Counsel for plaintiffs, on notice to counsel for defendants, will please submit appropriate orders. The matter of giving appropriate notice to the classes herein certified will be held in abeyance pending a possible appeal from the orders to be entered in conformity with this opinion and after hearing the argument of counsel on this issue.
. Solve E. D’Ippolito, et al. v. Cities Service Company, et al. (Civil Action No. 779-68) and Solve E. D’Ippolito, et al. v. American Oil Company, et al. (Civil Action No. 780-68) are parallel cases presently before this Court. The same defendants are charged by distributors and dealers of gasoline with violations of the Sherman and Clayton Acts. Plaintiffs in the DTppolito cases allege a conspiracy by defendants to raise the prices of and restrict the quantity of gasoline available to them for the purpose of unlawfully forcing them out of business.
. This Court is of the opinion that the notice requirements of Rule 23(c) (2) can be satisfied in all three of the proposed class actions. Defendants’ arguments centered upon the difficulties defendants envisioned in giving satisfactory-notice to members of the proposed Philadelphia-New Jersey class. Even then those arguments focused upon the largest segment in terms of numbers within the class: motorists who purchased at retail service stations. Because of the disposition this opinion makes of this latter portion of the Philadelphia-New Jersey class, it would be academic to examine the arguments presented by both sides.
. Two of the originally named defendants in each of the four consumer actions were The Atlantic Refining Company and Sinclair Refining Company. Subsequent to the filing of the consumer actions but prior to the filing of memoranda and briefs on the class action issues, these *58two corporations agreed to merge. The combined corporation is referred to in this opinion as “Atlantic Richfield”.
. Philadelphia-New Jersey have agreed to settle with American Oil Company and Atlantic Richfield. Pursuant to a motion made by Philadelphia-New Jersey for approval of the settlement agreements and establishment of temporary settlement classes identical to the class they seek to maintain in the litigation, oral argument was heard by this Court immediately after completion of oral argument on the class action issues. American Oil and Atlantic Richfield opposed the motion. Basically, the settling defendants argued that if this Court refused to certify the class Philadelphia-New Jersey seek to represent in their consumer action, the settlement agreements would become null and void. Thus there should be no approval of these agreements until the Court has decided the class action issues. Philadelphia-New Jersey rebutted by distinguishing between settlement classes and litigating classes and interpreted the settlement agreements differently. This Court, after a careful consideration of the arguments presented, adjourned the pending motions without date, choosing to decide the class action issues first.

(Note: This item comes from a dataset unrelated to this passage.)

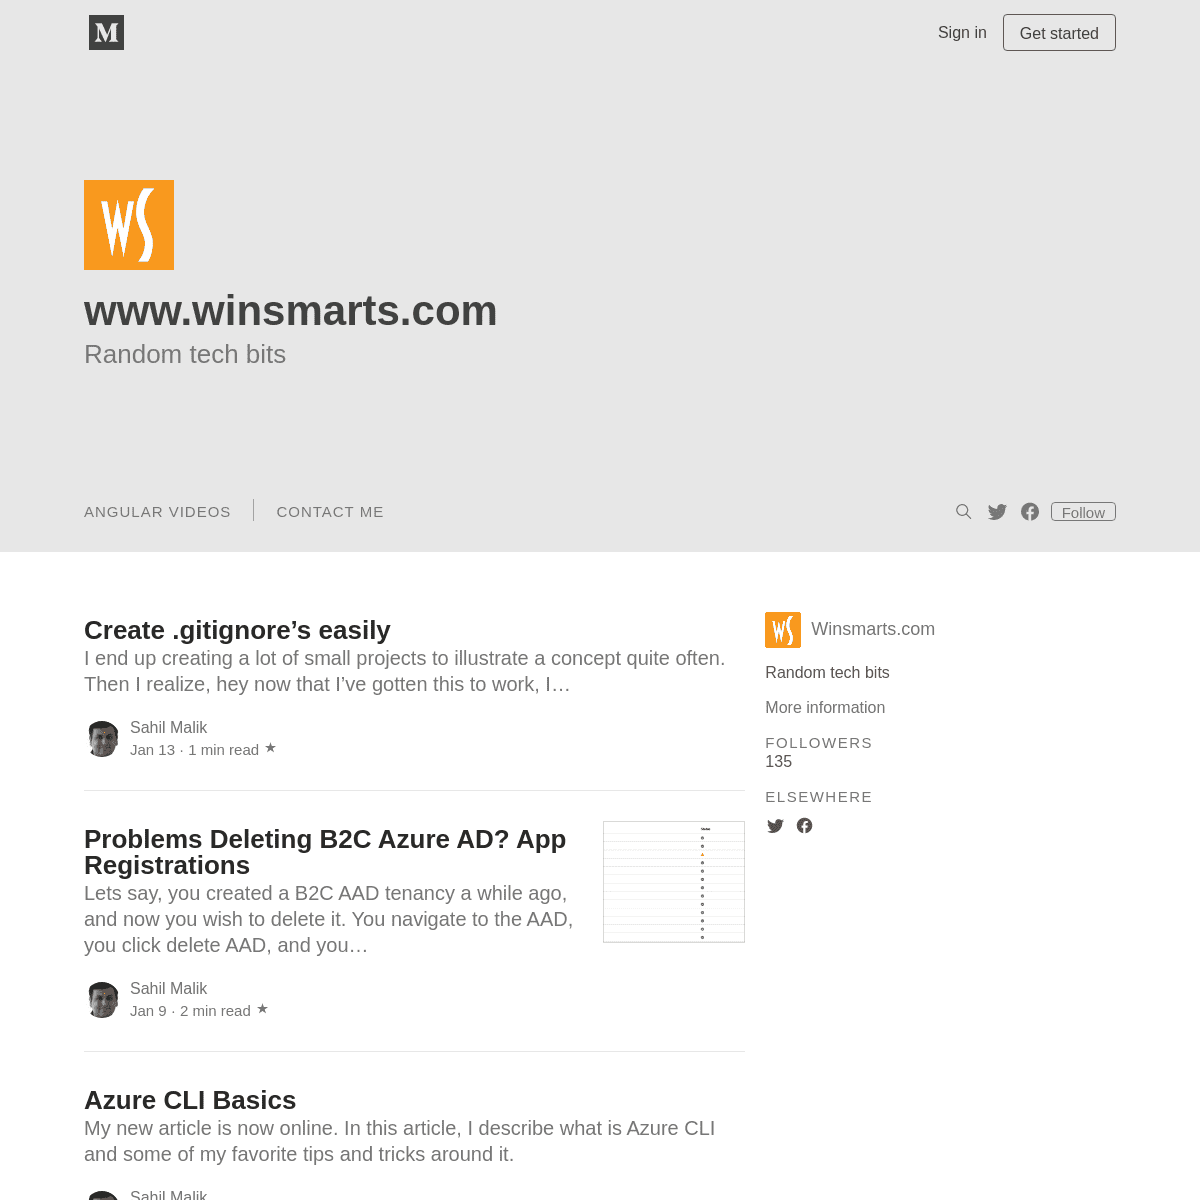 A complete backup of winsmarts.com
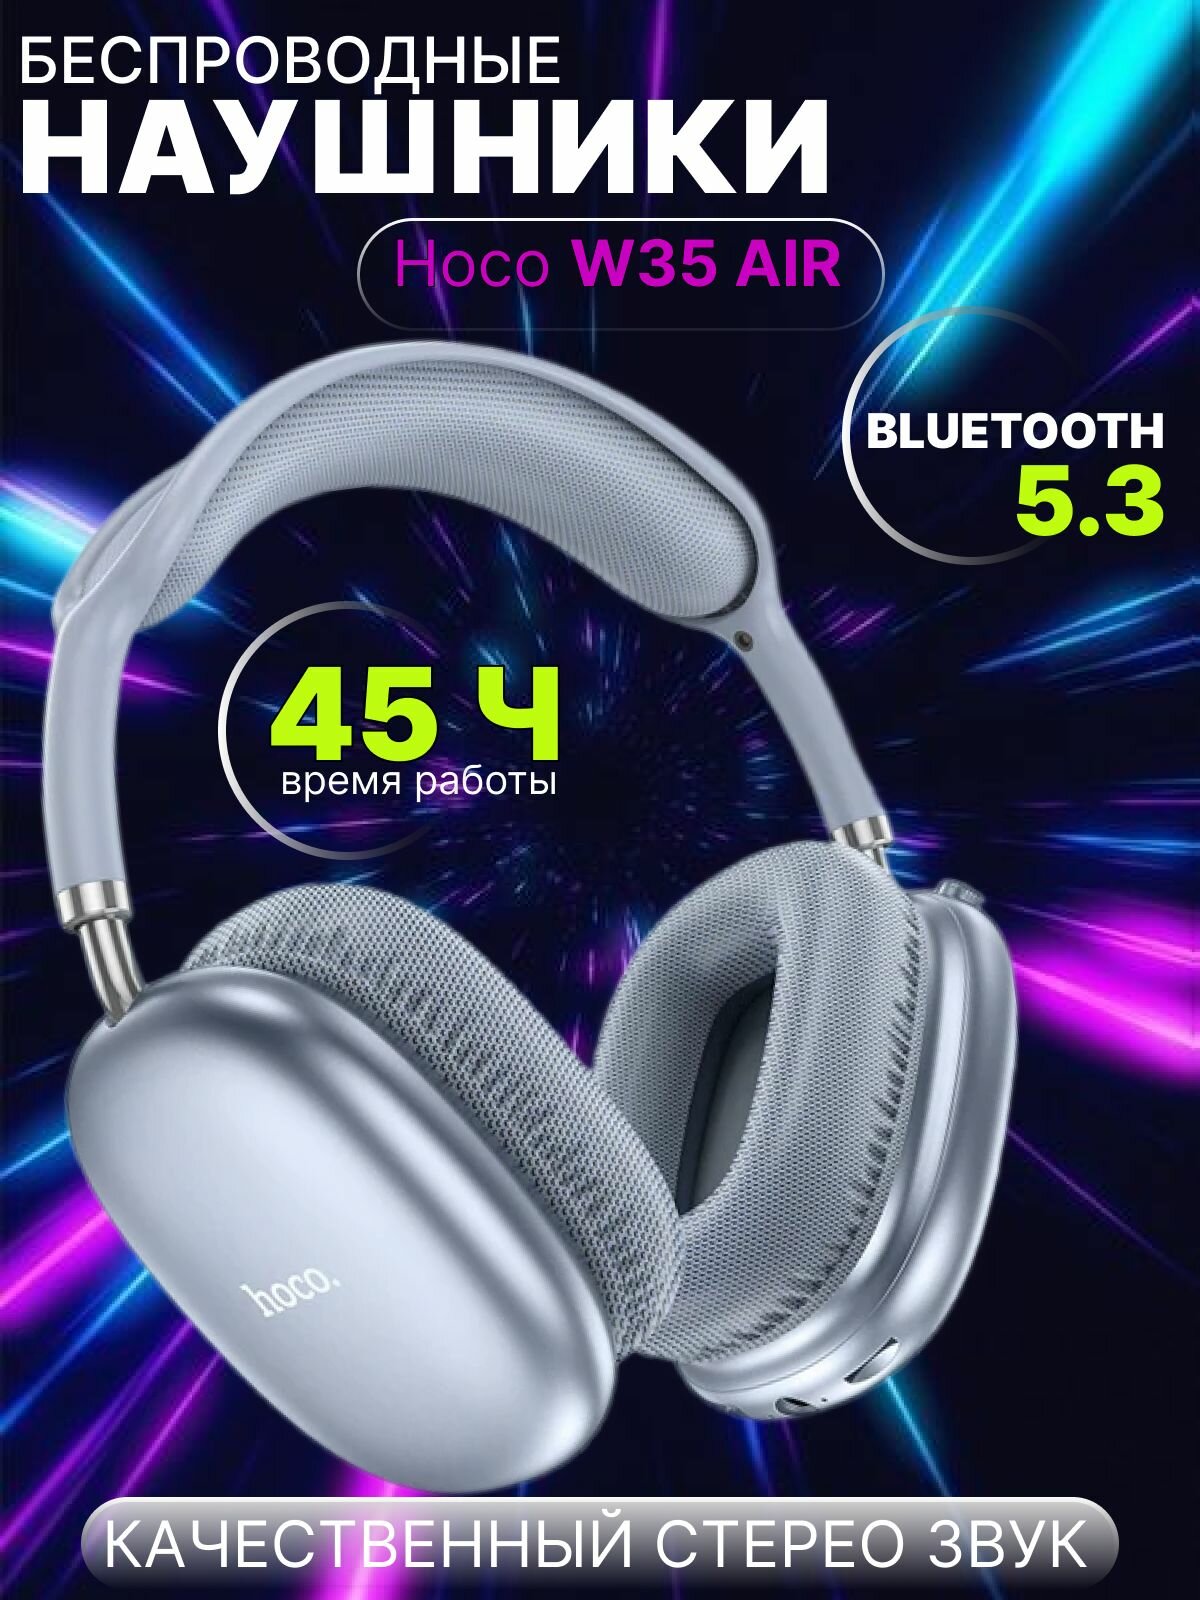 Наушники беспроводные Hoco W35 AiR Light с микрофоном большие складные полноразмерные micro SD слот Bluetooth 5.3 AUX кабель синие

. Since oral argument, counsel for Philadelphia-New Jersey and defendant Chevron Oil Company (the successor to the originally named California Oil Company) have brought to the Court’s attention the terms of a third settlement between these respective parties. Its terms are somewhat analogous to the terms of the American and Atlantic Richfield settlements.
. Defendants state in opposition to the maintenance of these actions as class actions, that in 1967 alone there were 18,-399 retail dealers “primarily engaged in selling gasoline” in the three state area. In addition, there were more than 14,000 other retail outlets such as garages, repair shops, and food stores at which gasoline was sold.
. The court, at the same time, upheld a count of the complaint in which the State of Hawaii sued in its parens patriae capacity for the people of Hawaii. After rendering his oral opinion, Judge Pence inquired whether either party wished certification for appeal pursuant to 28 U.S.C. § 1292(b). Defendants requested, and were granted, certification on the parens patriae issue. The State of Hawaii accepted the court’s adverse ruling on class certification and did not request leave to appeal that determination.